#Run Dagger on Kubernetes | Dagger
1 messages · Page 1 of 1 (latest)
I assume that the runner I'm running would need to have kubectl installed as well as the appropriate kubeconfig to talk to the k8s API? Definitely feels like the docs are missing a step or two to get this wired up properly.
Hey @prisma leaf!! Are you setting up your runners on kubernetes and the dagger engine as a DaemonSet? Meaning, will runners connect to a container pod on the same host?
Yes, I believe I have all that set up properly. The piece I'm not sure I have set up properly is Persistent Volume with the local cache, but... I figured if I could get some dagger jobs running with engine on the node that would learn pretty quick if that PV was setup improperly.
But I guess the question is... If the engine is running on the same node, shouldn't I just be able to point the gitlab runner to a specific port on the node?
That is correct. Not a port directly but rather a uds. You can mount the unix socket and then set the environment variable that the Dagger CLI uses to connect to the engine. Quick example we have here for github runners:
The pod that will run the dagger CLI has the volume mount:
- name: varrundagger
mountPath: /var/run/buildkit
And the env variable:
env:
- name: _EXPERIMENTAL_DAGGER_RUNNER_HOST
value: unix:///var/run/buildkit/buildkitd.sock
This works because the dagger helm chart deploys the daemonset and volume mounts from the host the /var/run/buildkit directory
This is what I get on the describe for my dagger pod
So... I imagine I just need to alter what you gave me a bit for my varrundagger?
The daemonset pod looks correct. What I was referring to is the runner pod that needs the changes 👍
Hmmm, so I need to mount that path on the Gitlab runners is what you're saying?
Exactly! On the Gitlab runner you are going to run the Dagger CLI. The CLI needs to connect to the engine via a unix domain socket (there are other ways to connect to the engine, but for your use case this one seems the most appropriate), that is why you mount the socket the engine listens on directly on the runner pod
We'll review the docs and make some updates to make it more clear!
My gitlab job...
extends: [.dagger]
variables:
_EXPERIMENTAL_DAGGER_RUNNER_HOST: "unix:////var/run/dagger/dagger.sock"
rules:
- if: $TRIGGER_ACTION == 'dagger-help'
script:
- dagger --help
I'll attempt to figure out how to get that mount path established on the gitlab runner. Wish me luck. Hah.
I think I messed up a bit my explanation. When I mean the runner pod, I'm referring to the actual gitlab runner, not the workflow itself. Are you deploying your own runners?
Yeah, I am deploying my own runners. So I need to figure how to modify the helm chart for the gitlab runners to mount that path.
No problem, if you are using the gitlab provided helm chart, you can configure volume and volumeMounts right here: https://gitlab.com/gitlab-org/charts/gitlab-runner/blob/main/values.yaml#L633-L644
Official Helm Chart for the GitLab Runner (https://gitlab.com/gitlab-org/gitlab-runner)
Ahh great! I was doing something else, and this looks like the right answer.
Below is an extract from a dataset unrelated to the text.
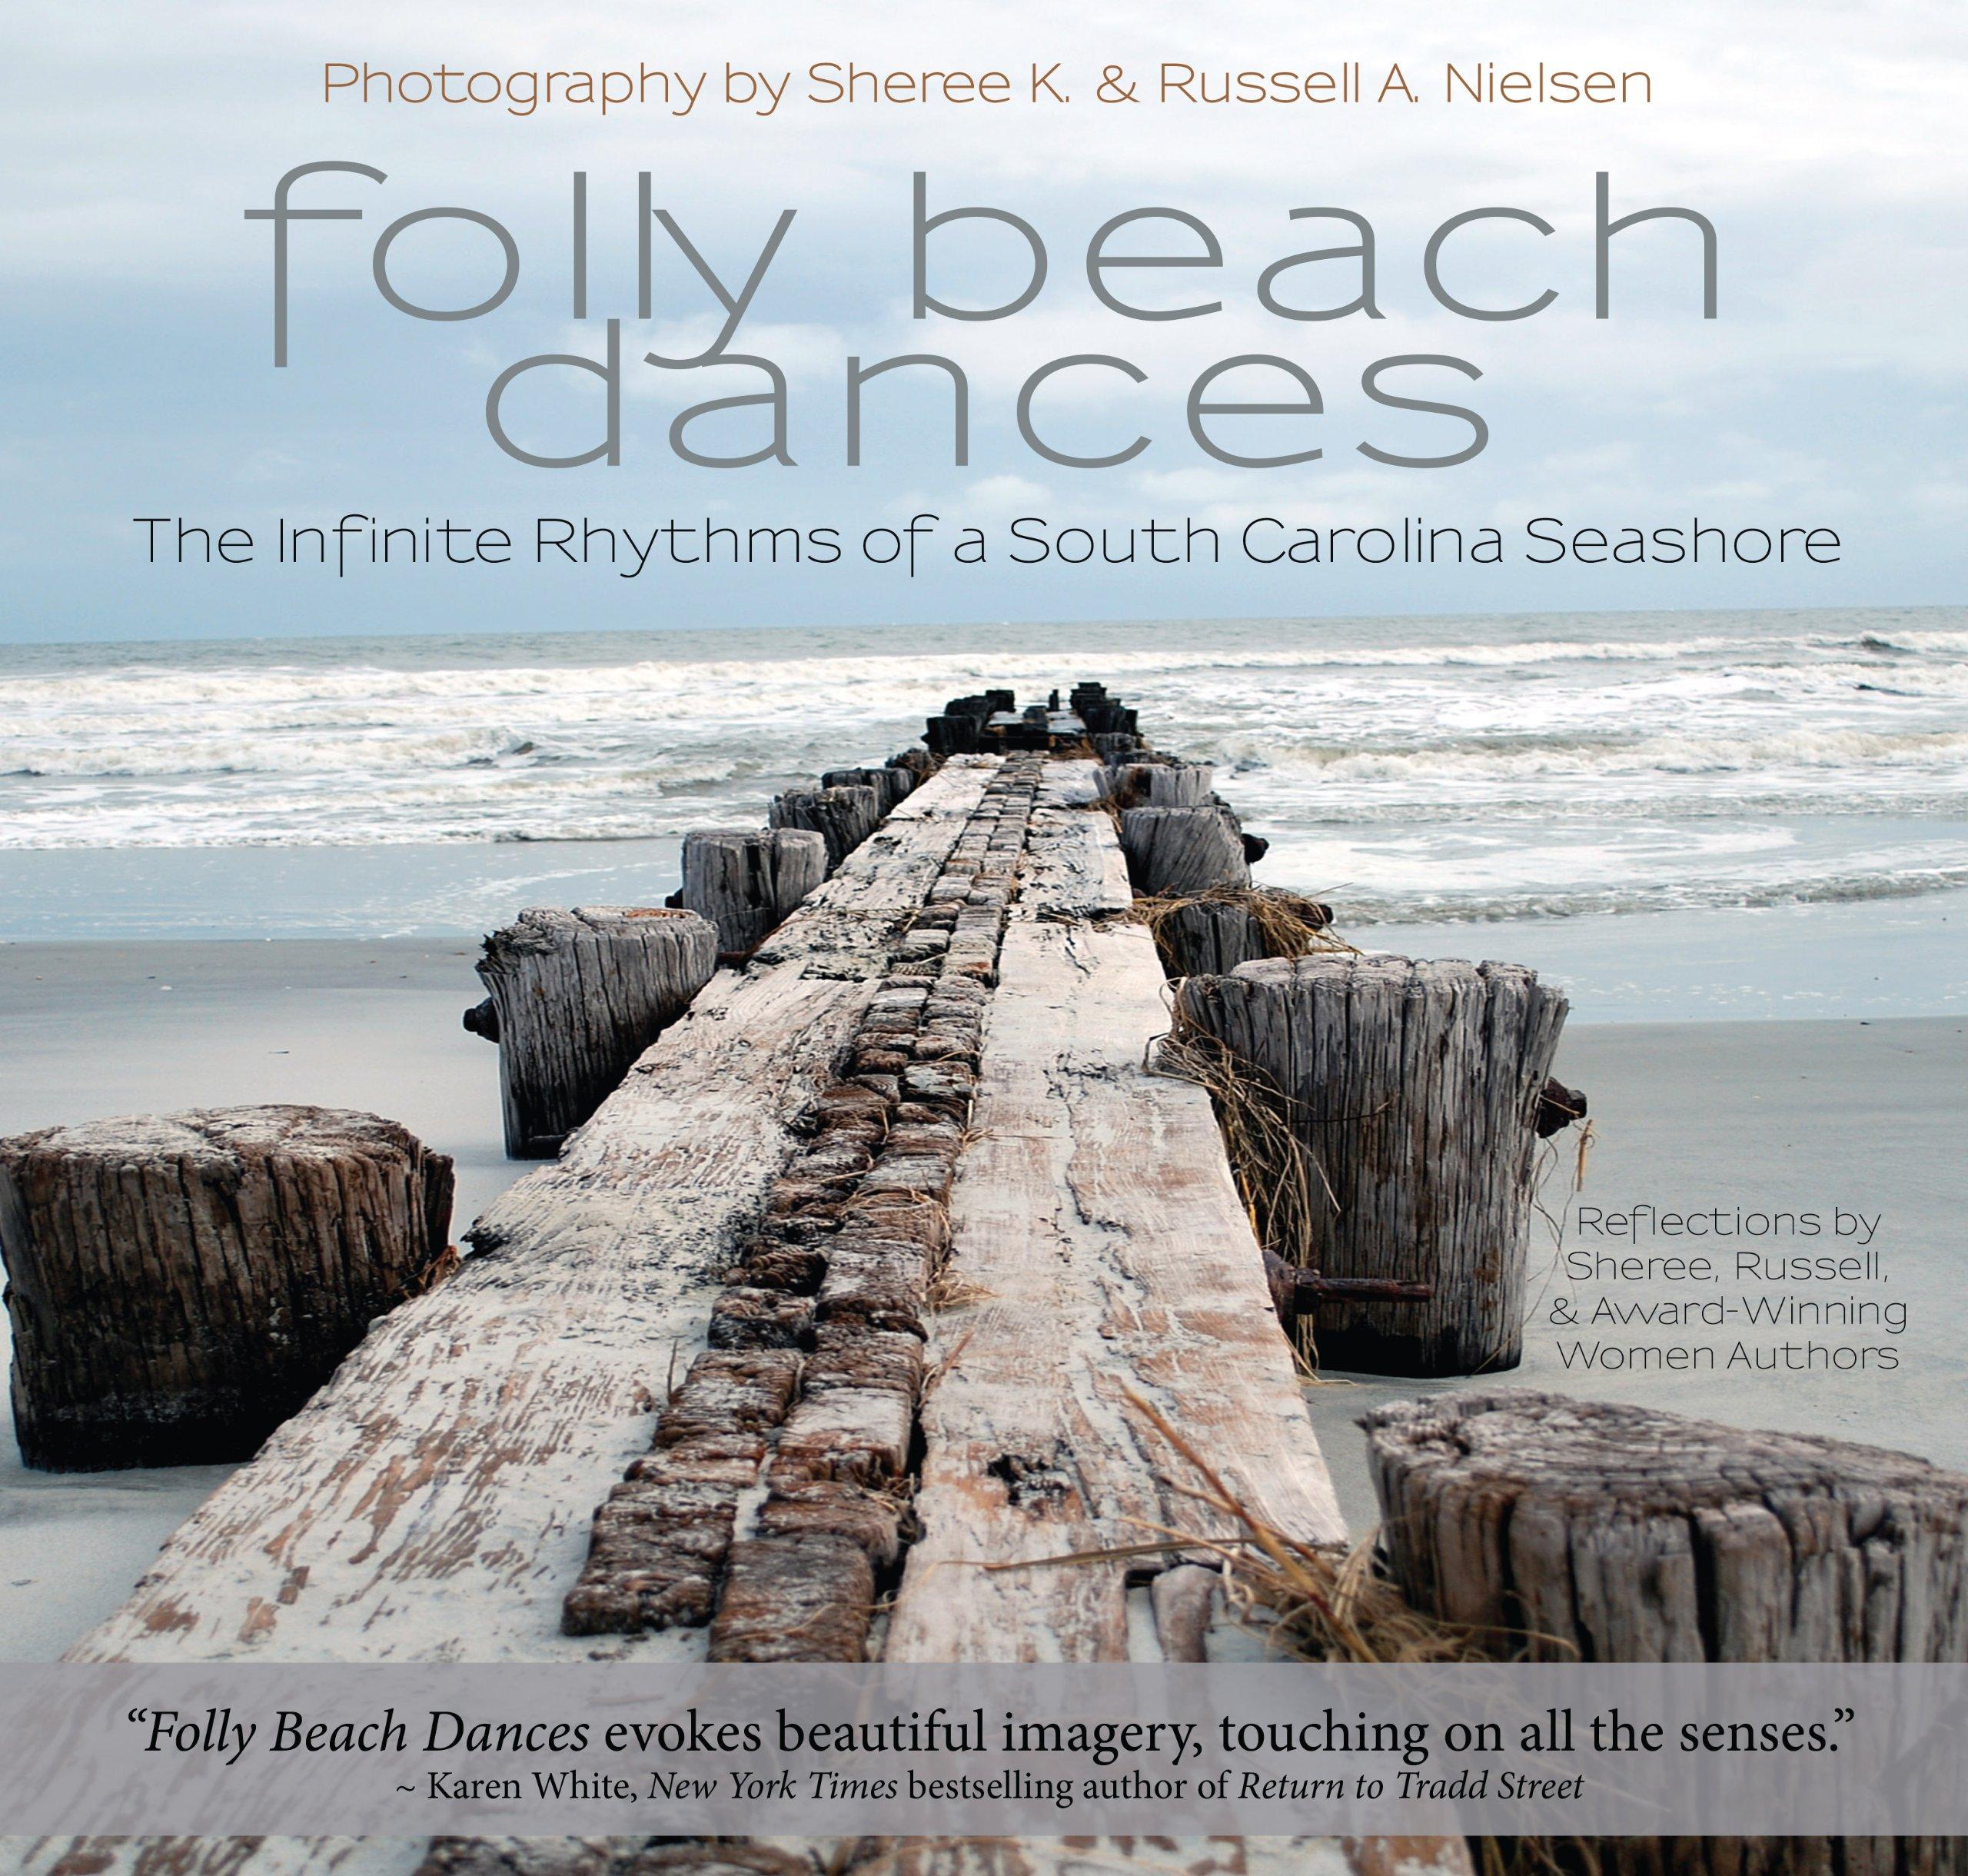 Folly Beach Dances Sheree K Nielsen Russell A Nielsen
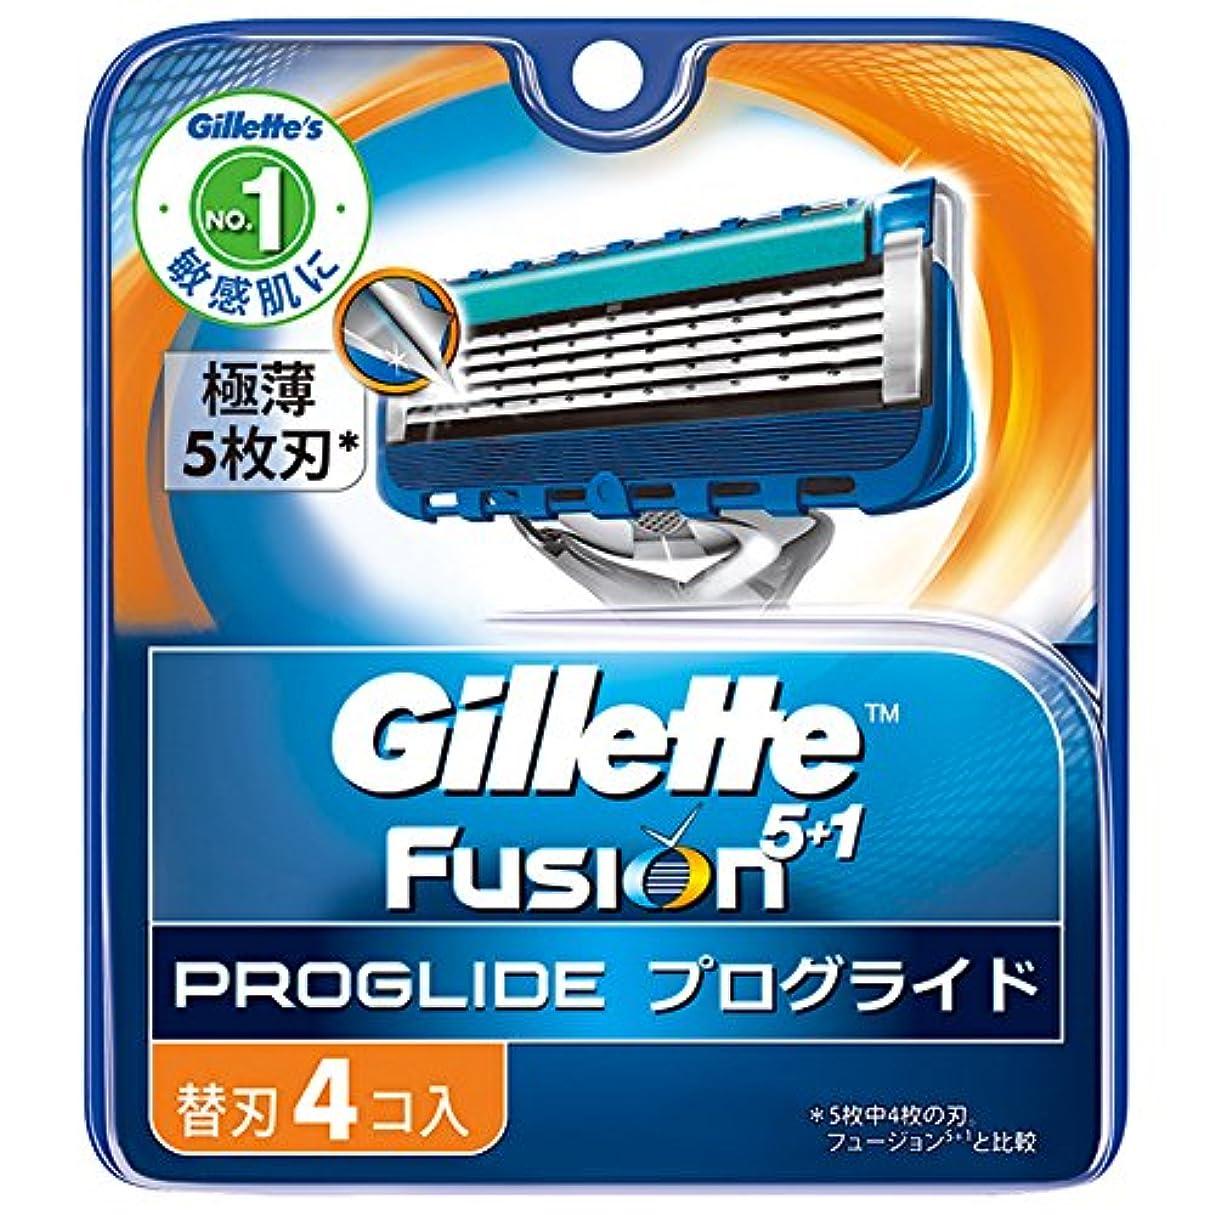 貞教える許されるジレット 髭剃り プログライド フレックスボール マニュアル 替刃4個入

Once I have this set up, how would I verify that the Dagger CLI is talking to the enginer properly?
The k8s guide has a dagger command you can use.
Hmm the gitlab runner isn't happy with that mount. I have a feeling something isn't setup properly with my persistent volume.
You are missing the volumes section:
volumes:
- name: varrundagger
hostPath:
path: /var/run/dagger
You could use that one, you could also try calling a module. For example:
dagger call -m github.com/shykes/daggerverse/hello hello
The volume addition seemed to make the pod happy. I missed the command from the guide. My bad. I'll try that now.
So close, but so far it seems. Seems like it's hanging on starting the engine.
This is how I am running it.
The env variable is incorrect, I did not pick it up before. it's supposed to be:
env:
- name: _EXPERIMENTAL_DAGGER_RUNNER_HOST
value: unix:///var/run/buildkit/buildkitd.sock
Remember that if you configure on the runner pod it is not necessary to configure it on the job!
Wait, I'm messing something up myself
Give me a sec haha. reviewing again the history of messages, got a bit lost with another case I was looking into
Just checked. I think we are looking good. Quick review:
- Dagger helm chart does a host mount of
/var/run/buildkit - Runner pod lists the volume and mounts it on
/var/run/buildkit - Runner pod exposes env variable of
_EXPERIMENTAL_DAGGER_RUNNER_HOSTto point to the socket found on the host at/var/run/buildkit/buildkitd.sock
Try fixing the env variable to have the correct socket at /var/run/buildkit. Make sure that the runner pod mounts that volume as well /var/run/buildkit not /var/run/dagger
I'll try getting that setup going. It's a little confusing given the pod template for the engine. ha
My bad. I confused the host path and the path we mount it at the engine itself. The engine grabs the host path /var/run/dagger and mounts it into /var/run/buildkit in the engine container. Lets review your runner setup once more, how did you define the volumes and volumeMounts there?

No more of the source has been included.